Since 2012, I have tutored, mentored and coached beyond 500 professional doctoral students (mid to seniors, aged 35 to 70) both with the University of Liverpool Management School’s Doctorate in Business Administration (DBA) program (UK), and since 2016 also with DoctorateHub. This allowed me to understand how to tackle problems at scale, be it the tame, the complex, or the wicked. 500+ students also implies 500+ workplace-based problems which I had the chance to look at. And while working with such an array of problems allows for quite some learning, it also has shown to me that very often it is quite exhaustive for such grown up and seasoned research novices. In response to this, we thus decided to set up the DoctorateHub, so to provide training, mentoring, and coaching services to all those that struggle to get their workplace-based issues identified, analysed, understood, written up in a thesis, and ultimately resolved.

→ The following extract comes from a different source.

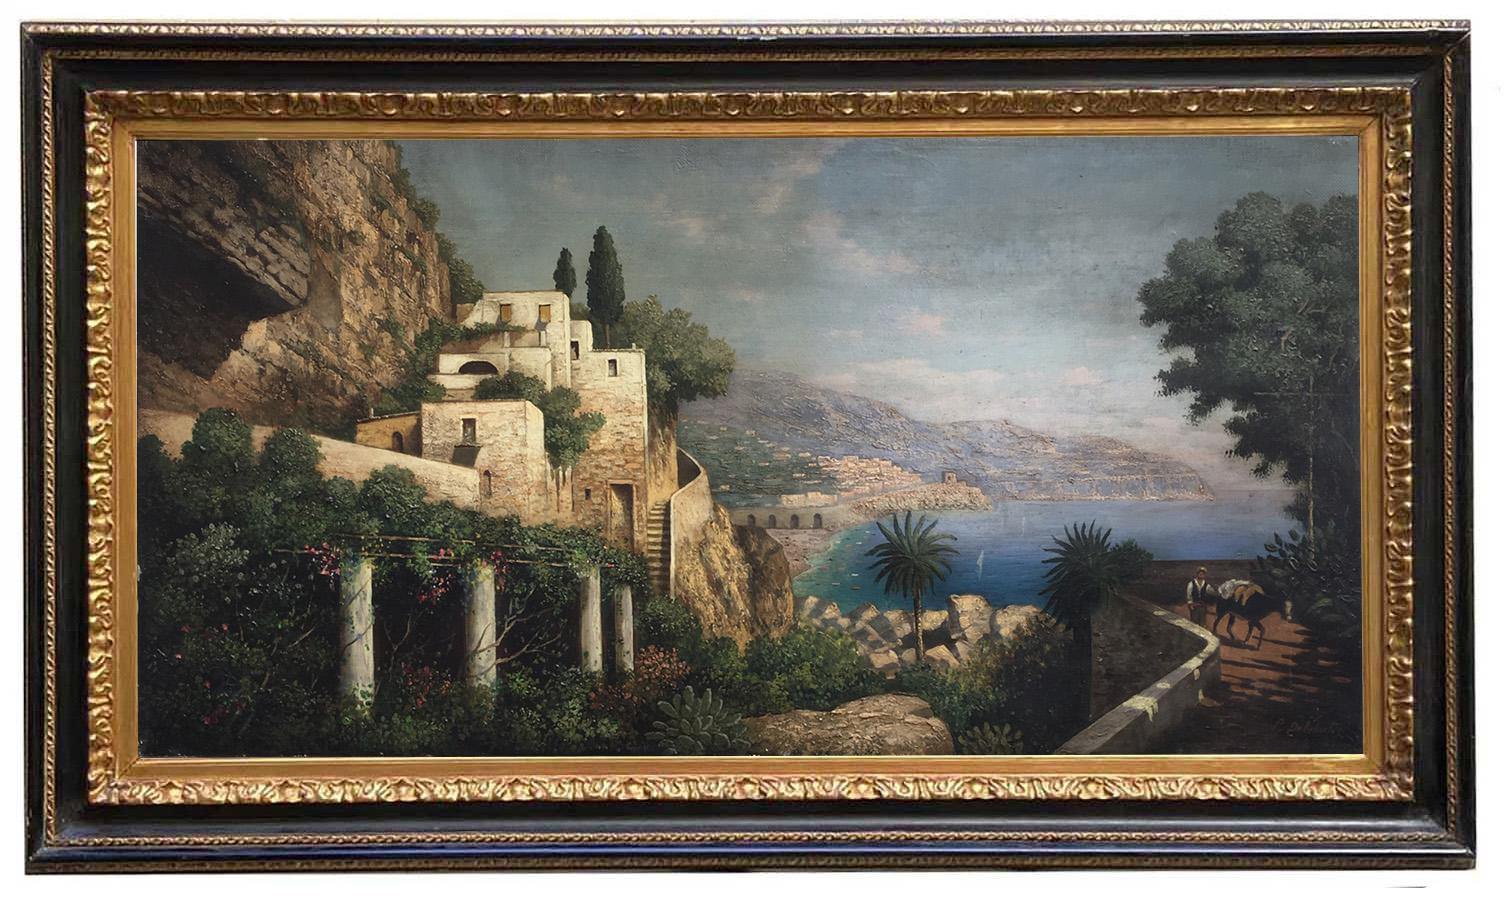 Paolo De Robertis Landscape Painting - COAST- Posillipo School - Italian Landscape Oil on Canvas Painting

In addition to this, I am also an active research fellow who has an interest in applied research, have more than a decade of global experience as a contract researcher in the areas of Innovation, ICT and the Internet, Education, Management, and Economics. I have a track record as Principal Investigator in the development and management of research, training and capacity building projects within Europe and across the globe; managing in-house teams and globally distributed external research, development and training teams, and have worked for a number of leading academic institutions, such as the United Nations University – Maastricht Economic and Social Research Institute on Innovation and Technology (UNU-MERIT), who has been ranked as one of the global top 3 institutes in its domain next to Harvard, MIT, Stanford and the London School of Economics.
As for my educational background, I obtained my PhD in 2011 from The Open University (UK) for work carried out at the Institute of Educational Technologies and that is titled ‘The Emergence of Free / Open Courses - Lessons from the Open Source Movement’. I am also holding three higher education degrees in management from universities in France, Germany and The Netherlands, and with majors in ‘International Management’ and in ‘Human Resources and Organizational Management’.